Война детей - Страница 25
– Пожалуй, ничего не дам, – вздохнул Глеб. – У меня план на вечер, деньги будут нужны.
– Ладно, черт с тобой, давай семь рублей, – примирился Гоша, долговязый парень с университетским значком на остроконечном лацкане пиджака. – До зарплаты.
– Говорю, не дам, – и Глеб спрятал кошелек.
– Не-е-ет! Обещал, так давай! А то я тебе ничего не расскажу. Отодвинуть Гошу в сторону для Глеба большого усилия не составляло.
– Погоди! – Гоша ухватил Глеба за рукав. – Хоть два рубля-то дай. Что ж, я тебя напрасно тут дожидался?
Глеб вновь достал кошелек, извлек два рубля и протянул Ведерникову. Странный тип этот Ведерников. Весь день бегает из отдела в отдел, о чем-то хлопочет. А вечерами, когда порядочные люди расходятся по домам, Гоша устремляется в захламленные букинистические лавки и копается там до изнеможения. Такая страсть у человека…
– Напрасно ты вчера не остался после совещания, – Гоша спрятал деньги во внутренний карман. – Мы еще часика полтора бузили. Заказчик тебе дифирамбы пел. Михаил Степаныч растрогался. А в троллейбусе сказал мне: «Предложу-ка я работу Глеба на конференцию, в Ленинград. Пора ему заявляться. Время».
Глеб искоса оглядел длинное лицо Ведерникова.
– Не веришь? – загорячился Гоша. – Он тебе сам скажет. Ленинград повидаешь, себя покажешь. Меня бы послали, я б там букинистические лавки потряс! Специально в отпуск хочу отправиться.
В лаборатории было тесно от столов. Несколько молодых людей, собравшись у стеллажа завлаба Михаила Степановича Курочкина, обсуждали какую-то проблему. Сам Михаил Степанович, вытянув короткие ноги в клетчатых брюках, с удовольствием смотрел на своих расходившихся сотрудников.
– А мне как-то все равно! – говорил толстый Цимберов. – Озолоти, чтобы я защитил диссертацию.
– Ну вот еще, – добродушно подначивал Михаил Степанович.
– А ты-то сам?! – встрепенулся маленький Доронин, зыркнув на Цимберова. – Тоже шустришь ведь.
Тут Цимберов заметил Глеба:
– Вот Казарцев, к примеру. Ты, Глеб, будешь диссертацию писать? Или так проживешь?
Глеб молча прошел к своему столу.
– Дай человеку вначале институт закончить, – вступился Ведерников. – Потом он сразу докторскую кинет.
– Опять же!

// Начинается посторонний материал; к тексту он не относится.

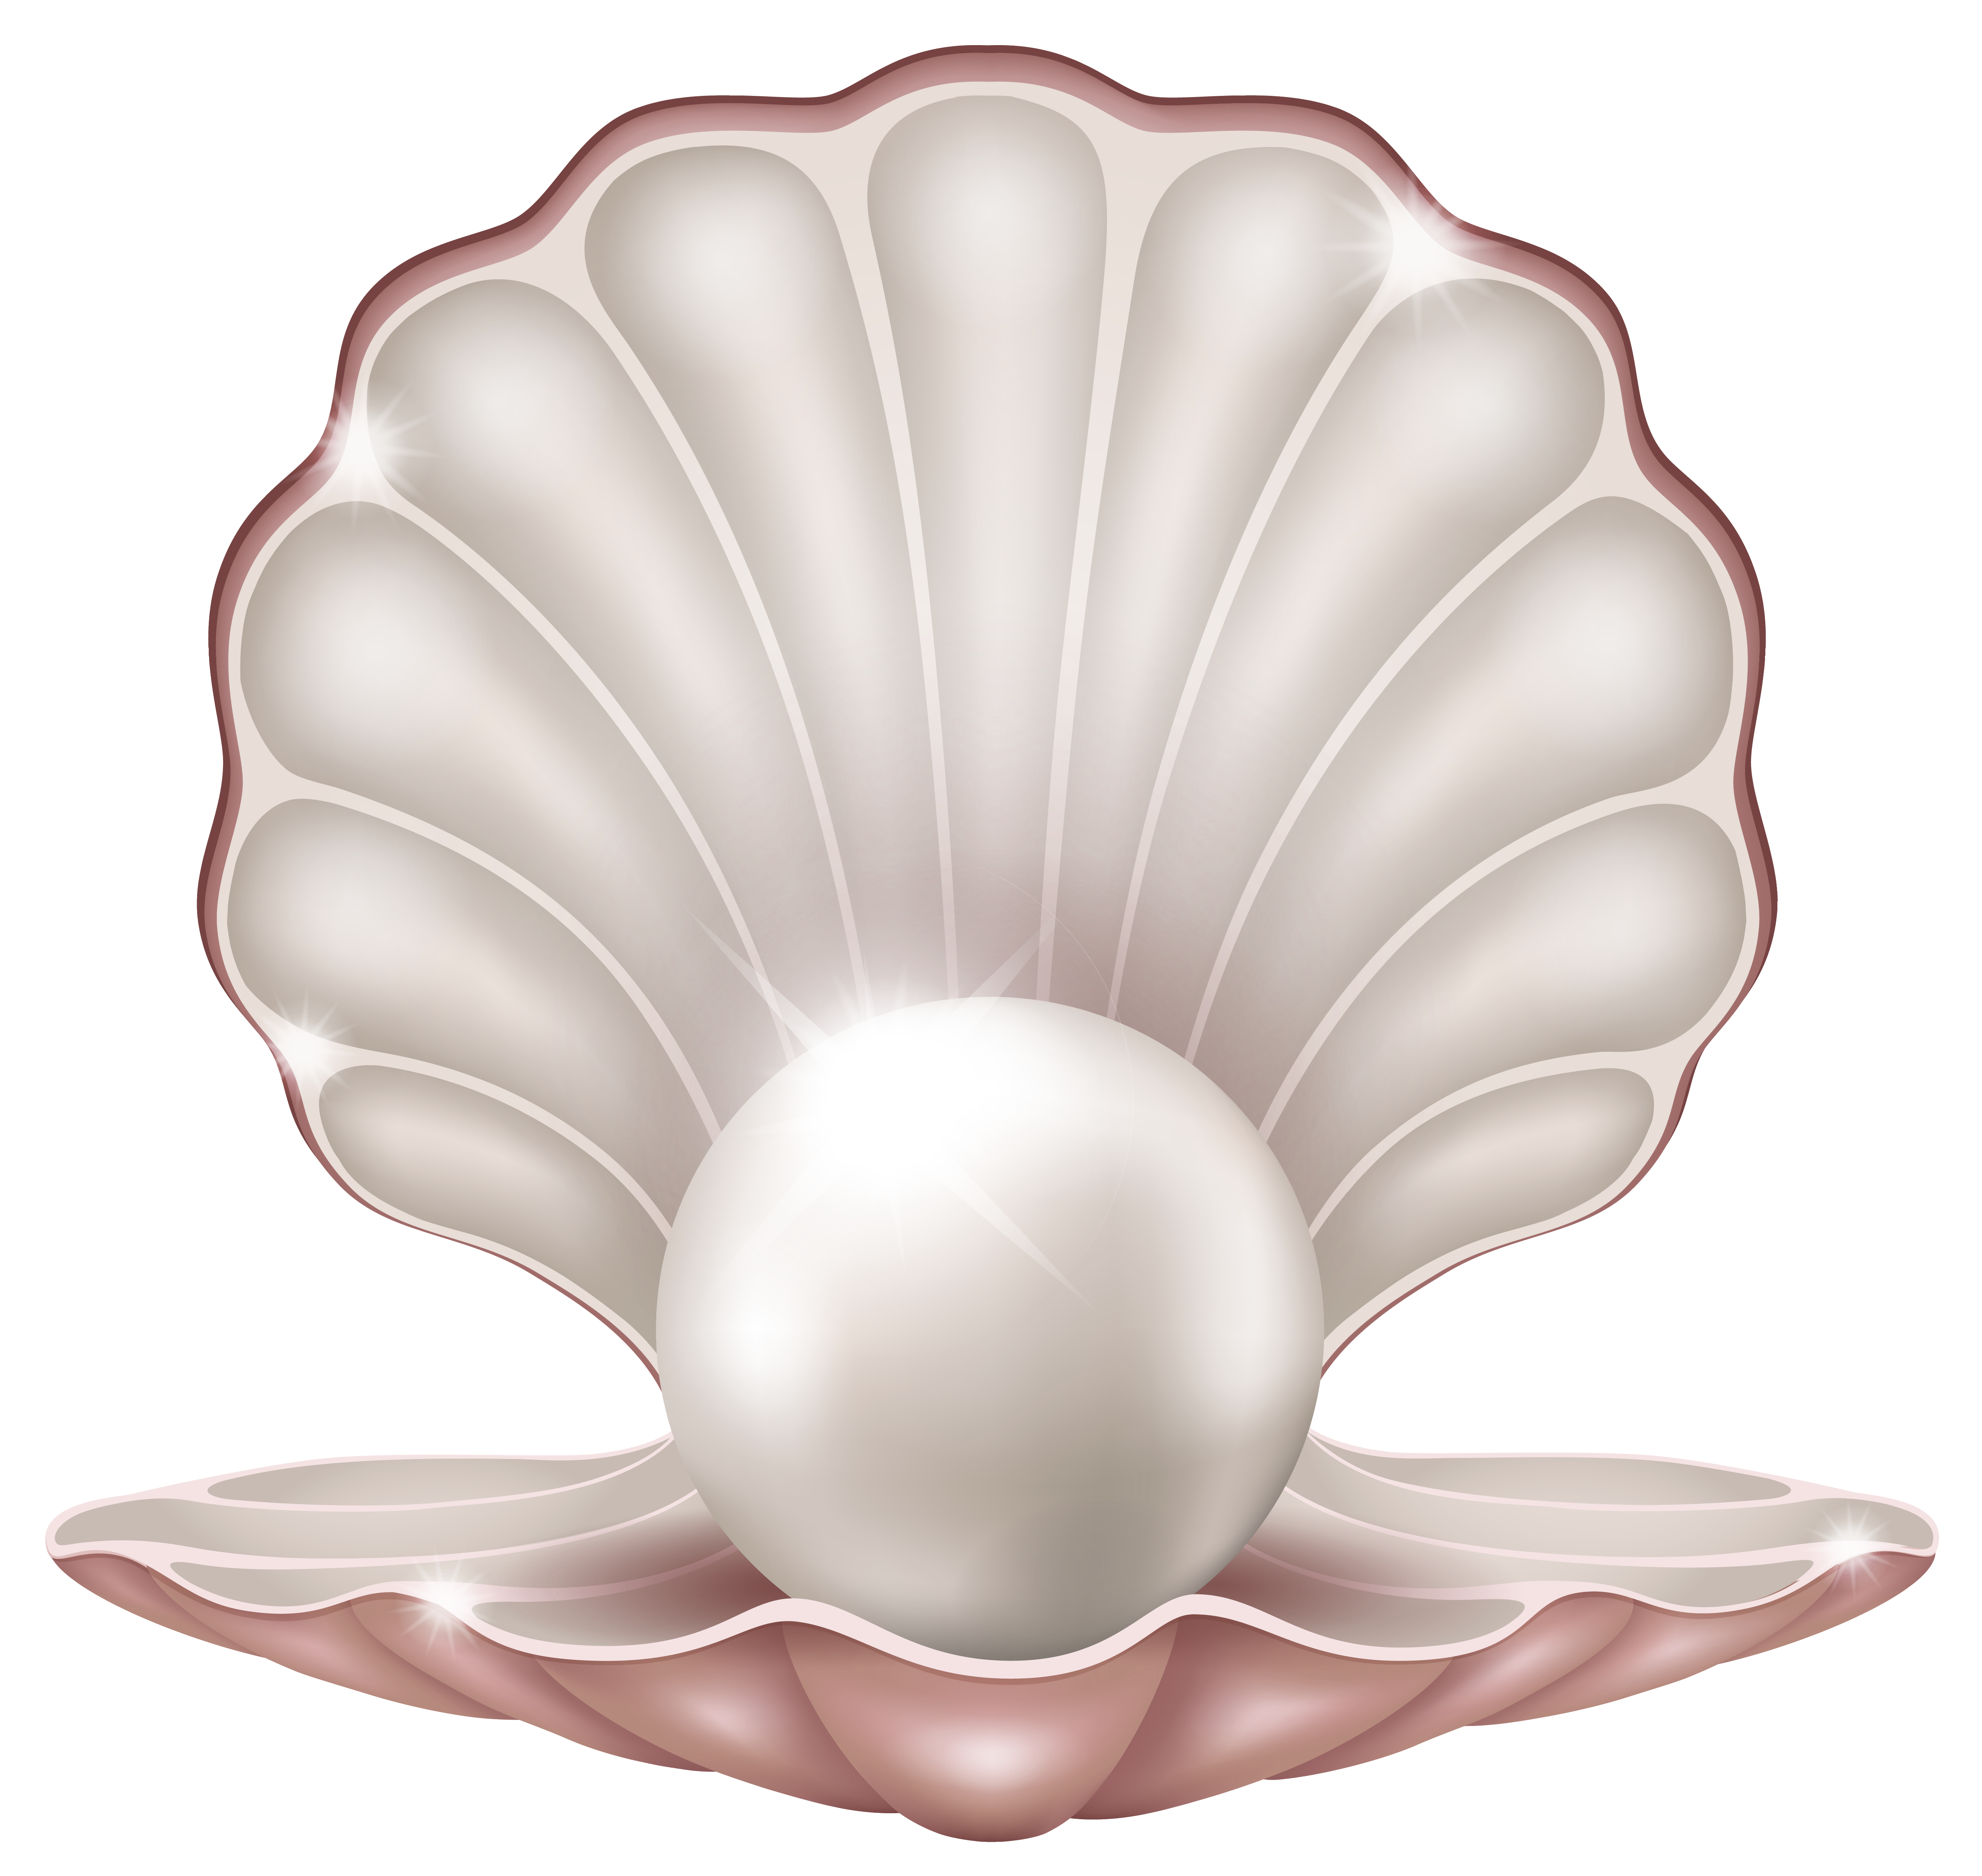 Clam Pearl Seashell Clip art.
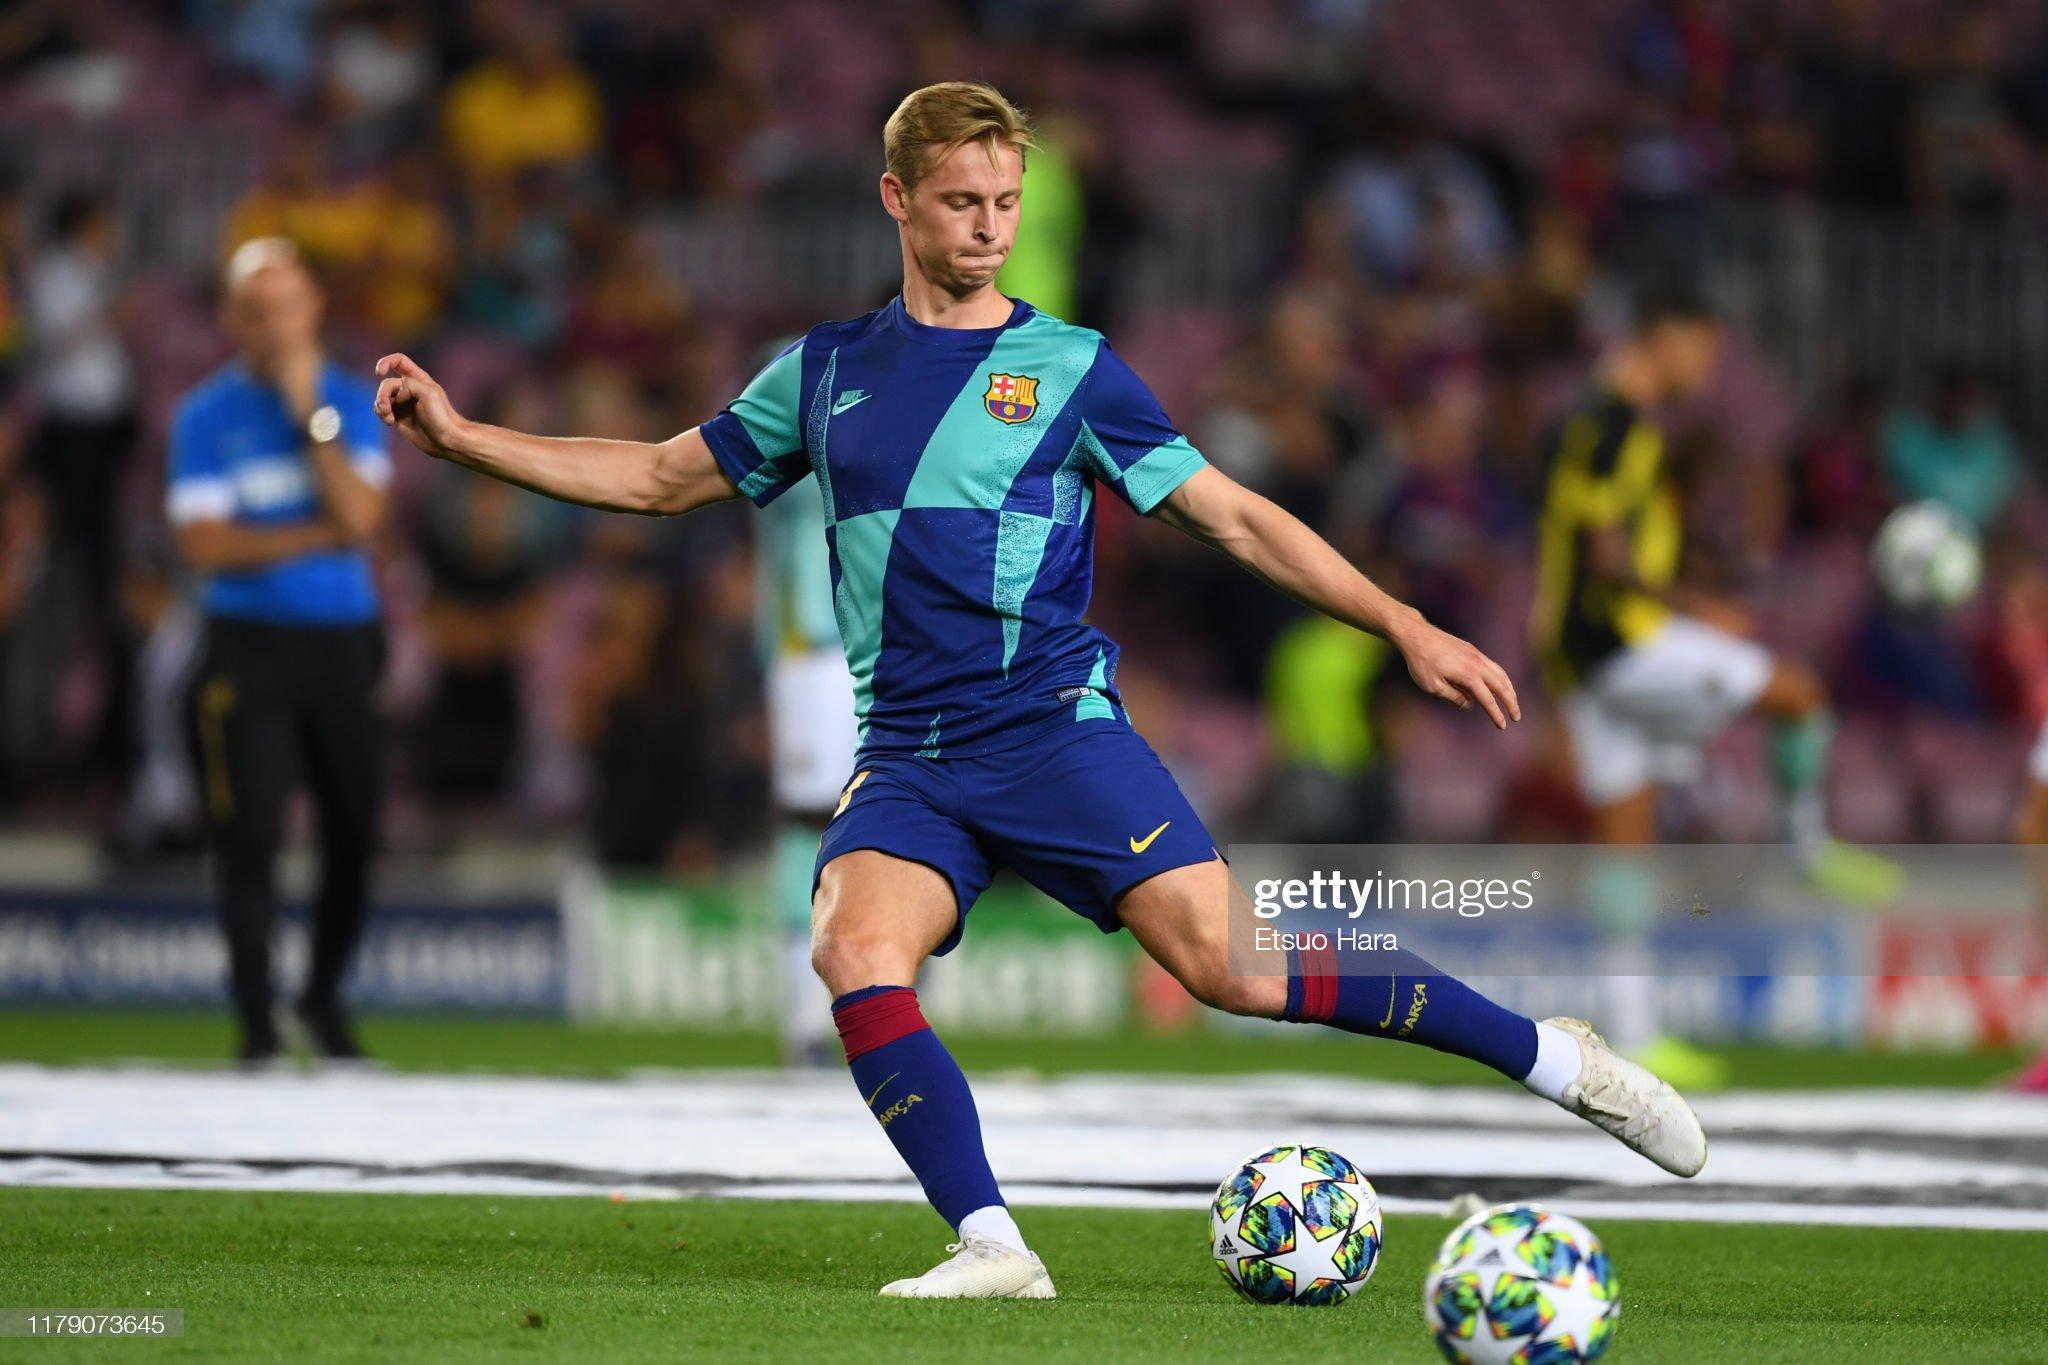 صور مباراة : برشلونة - إنتر 2-1 ( 02-10-2019 )  Frankie-de-jong-of-fc-barcelona-warms-up-prior-to-the-uefa-champions-picture-id1179073645?s=2048x2048

Почему Казарцев не торопится институт заканчивать? А потому, что ему институт не нужен. Он самородок. У него интуиция развита. Талант, – Цимберов похлопал Глеба по плечу. – Обложили его со всех сторон: диплом, диплом – он и подался в институт… Конечно, обидно получать меньше чернокнижника Гоши. Но захочет кандидатом стать – так он диссертацию одной левой настрочит, в рабочем порядке…
Михаил Степанович поднялся. Его клетчатые брюки, перепачканные канифолью, скрылись за опавшим подолом длиннющего халата. Треп ему надоел. Нащупав в кармане халата флакончик с белыми гомеопатическими горошинами, Михаил Степанович отсыпал на ладонь несколько штук и отправил их в рот. После контузии его иногда мучили головные боли…
Лаборатория уже стряхнула с себя утреннюю разморенность. Ровный гул унформера. Экраны осциллографов в голубых полосках характеристик. Терпкий запах жженой канифоли.
Глеб Казарцев сидел, отвернувшись к окну. Прозрачные одинокие облака напоминали медуз… В июне он был в Ялте: вначале – один, потом приехала Марина. У нее был золотистый купальник, Марине он очень шел. На пляже она привлекала внимание, и Глебу это было приятно. Неужели она и вправду ждет ребенка? Ну и новость… В конце концов, он отец. И это сейчас ко многому обязывает. Это даже как-то и меняет все дело. Он теперь должен думать не только о себе, верно?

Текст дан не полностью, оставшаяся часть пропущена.